### WHAT IS REQUIRED
Wherever a picture appears, skip it and retype the rest of the data exactly.

### DATA EXCERPT
┄┄┄┄┄┄┄┄┄┄

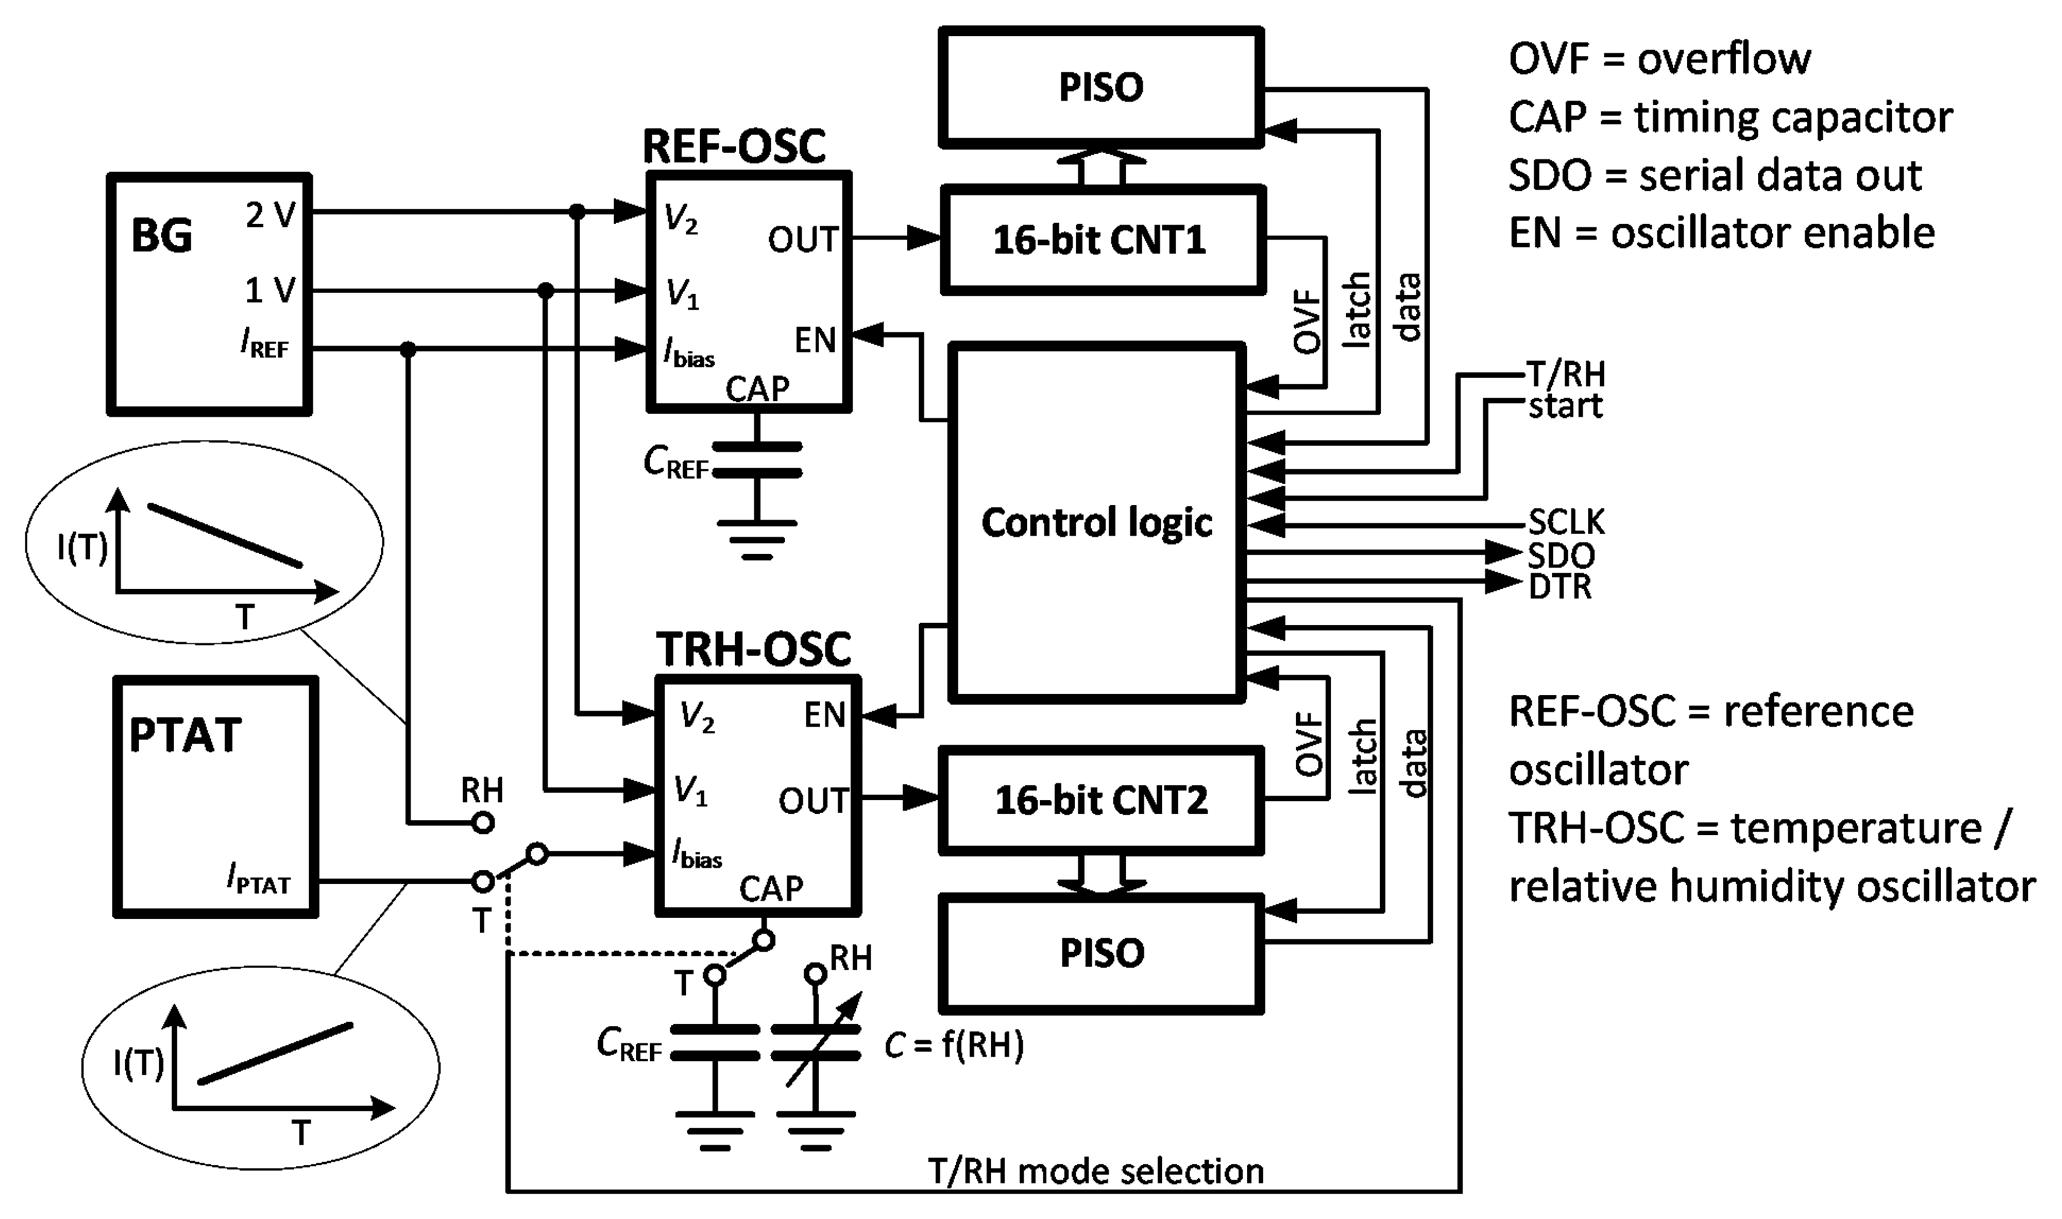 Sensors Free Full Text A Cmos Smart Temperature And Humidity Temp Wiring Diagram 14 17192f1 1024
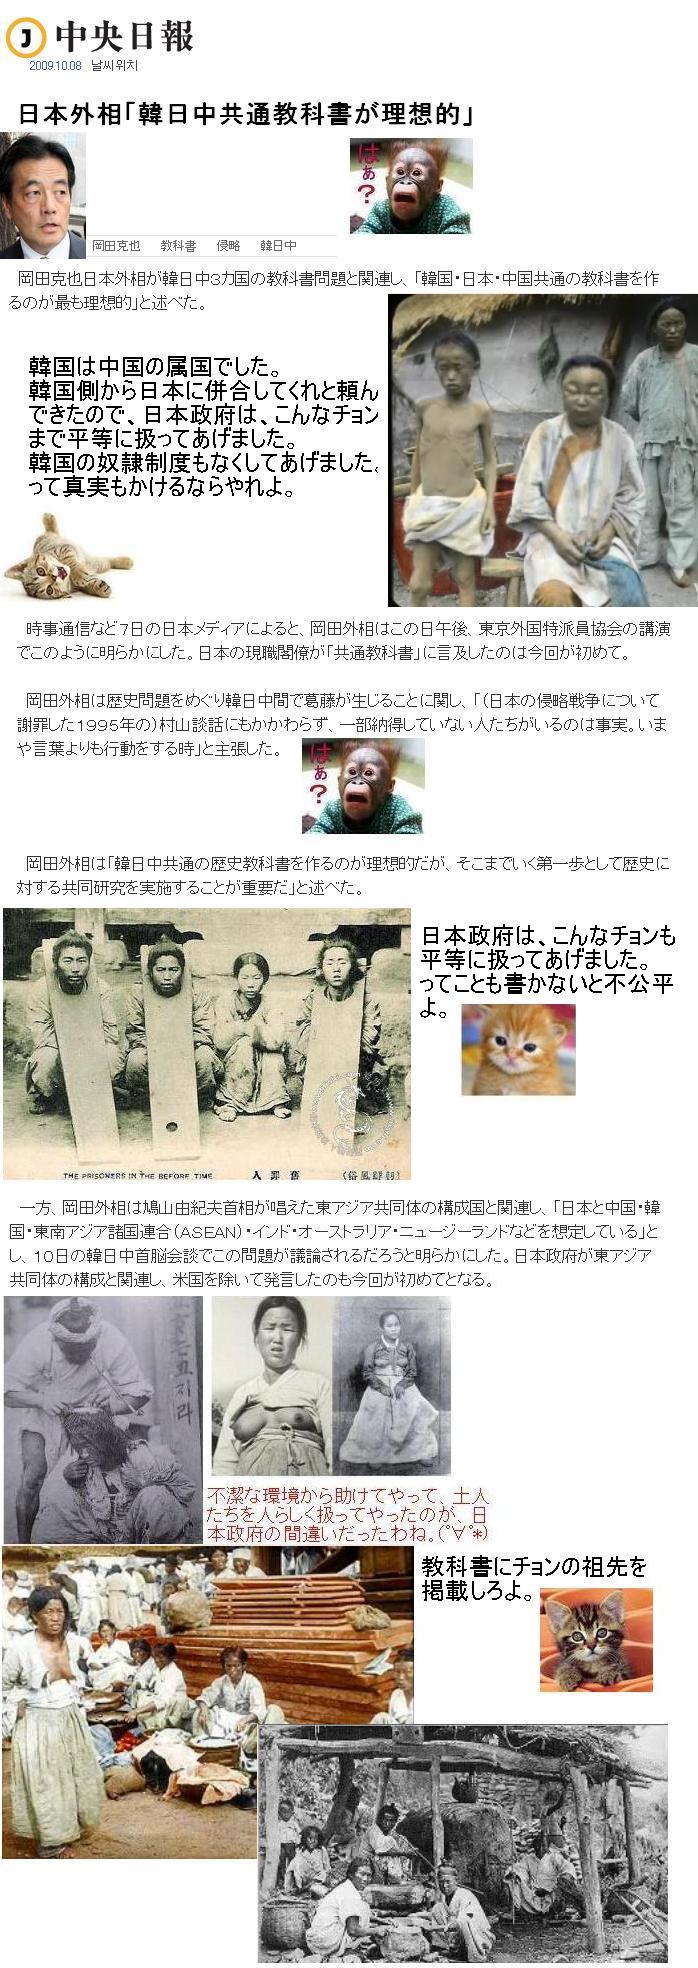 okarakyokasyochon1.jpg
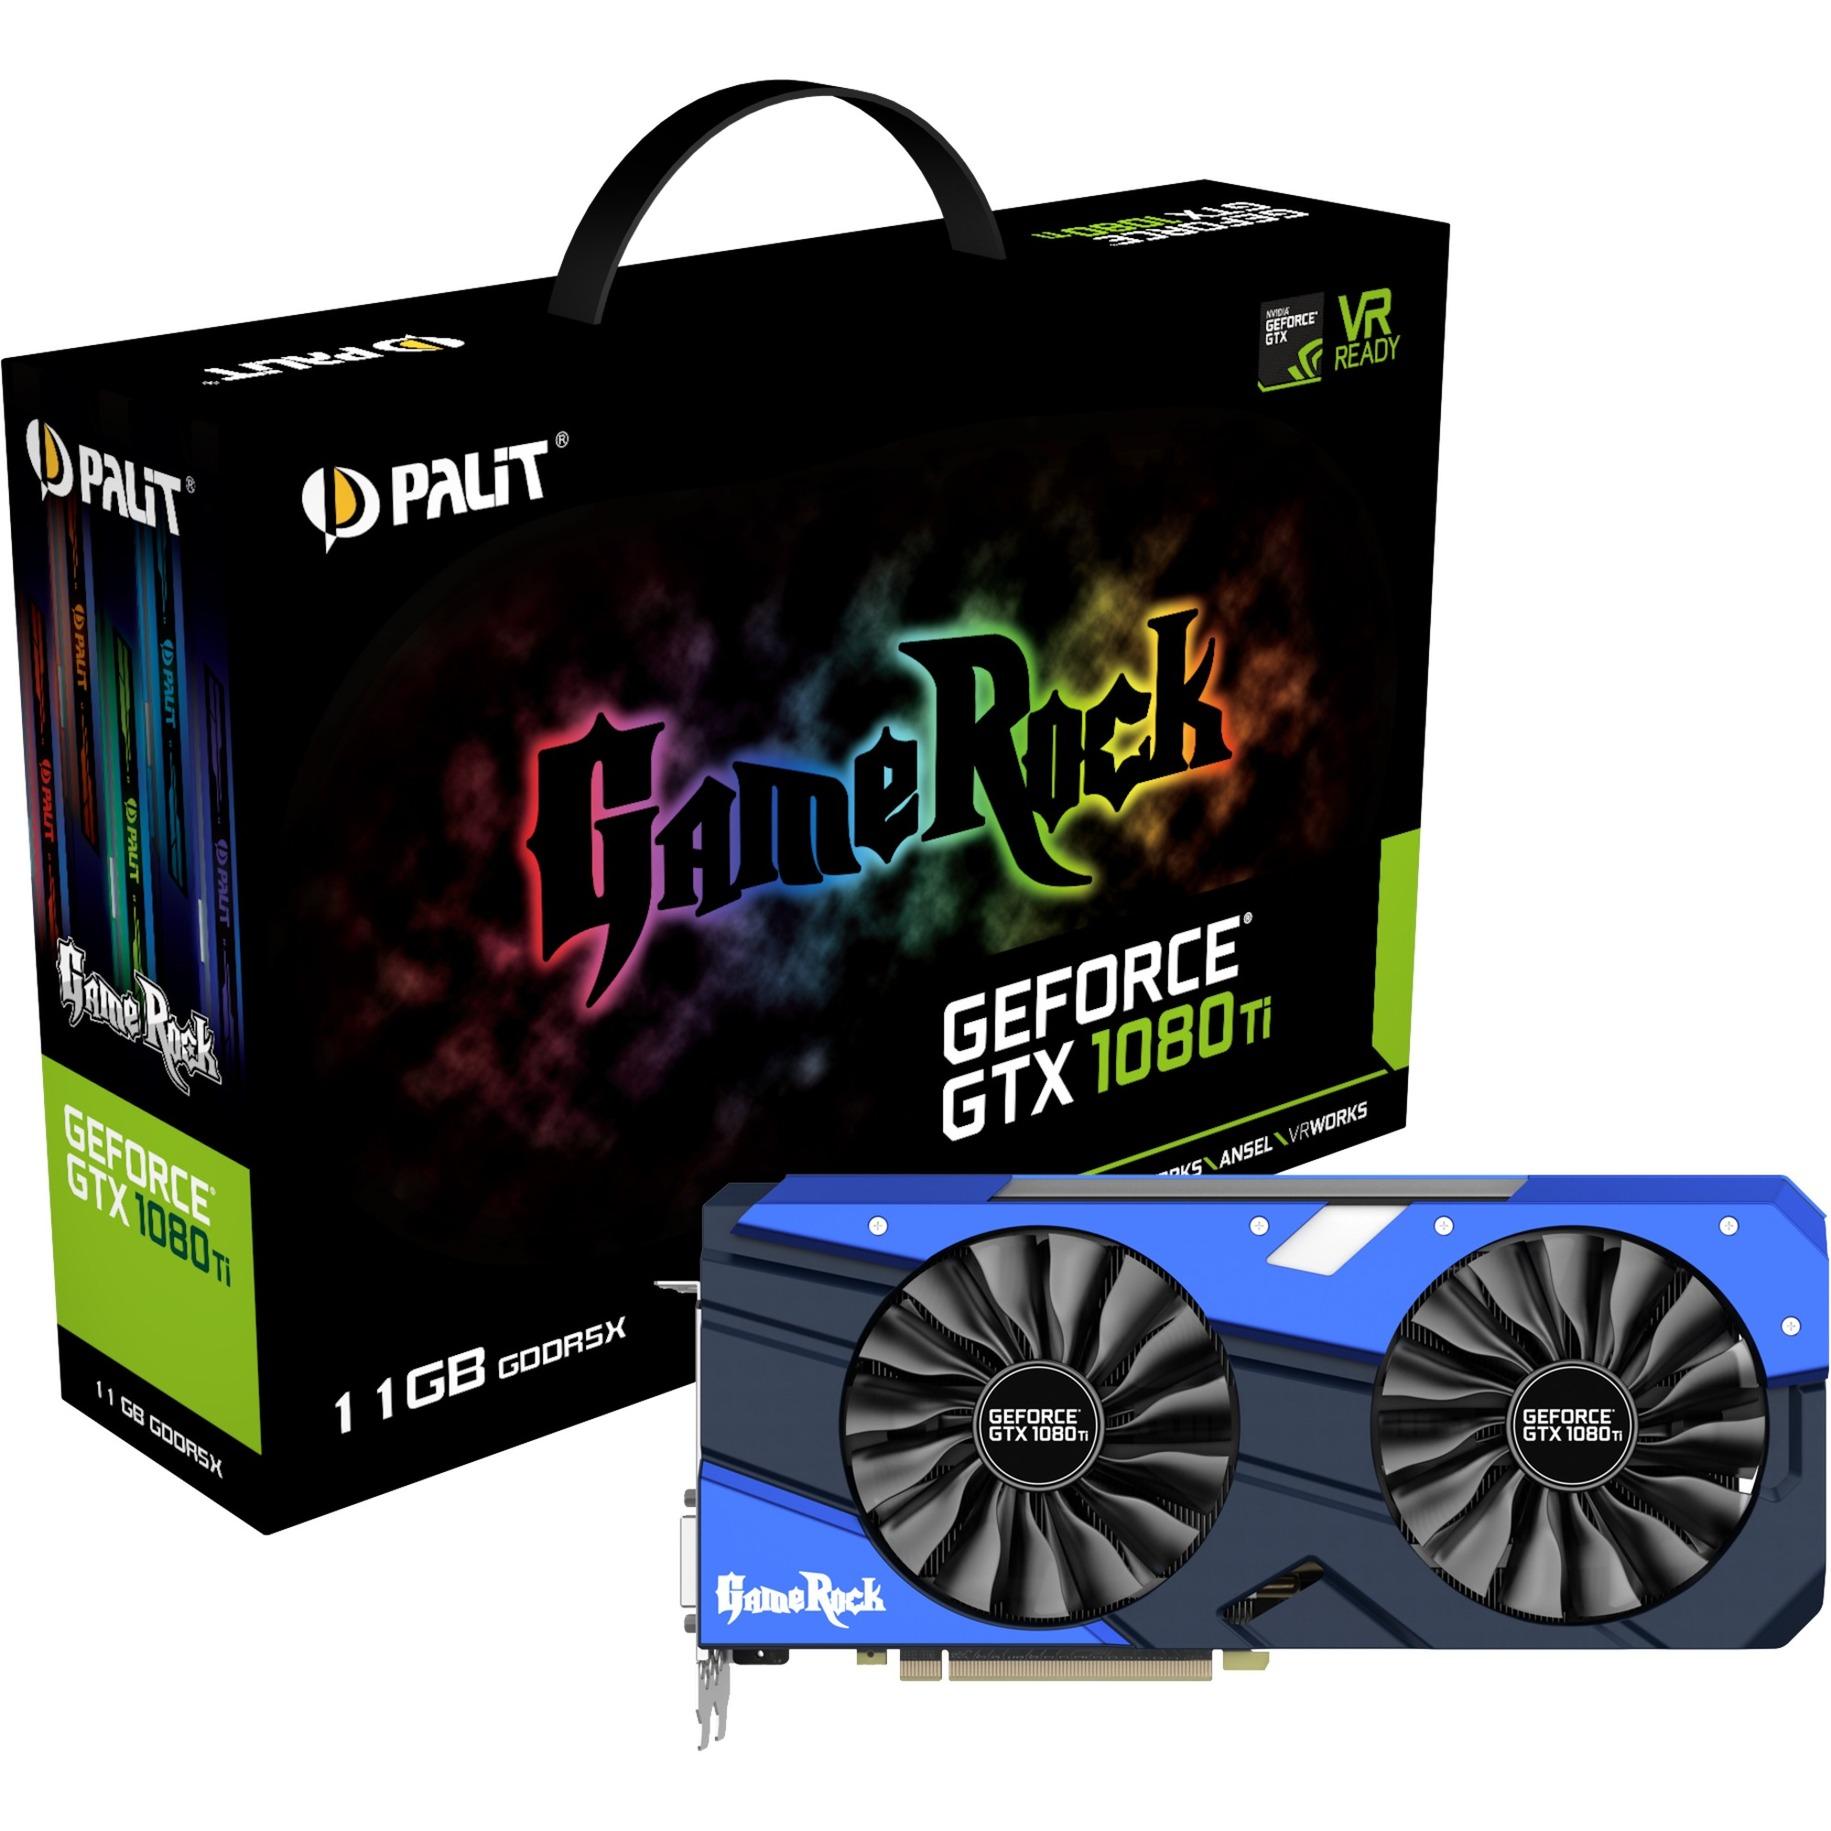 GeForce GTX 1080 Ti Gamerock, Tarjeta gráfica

┄┄┄┄┄┄┄┄┄┄

### SOLUTION TO THE PROBLEM
 Sensors Free Full Text A Cmos Smart Temperature And Humidity Temp Wiring Diagram 14 17192f1 1024
 okarakyokasyochon1.jpg
 GeForce GTX 1080 Ti Gamerock, Tarjeta gráfica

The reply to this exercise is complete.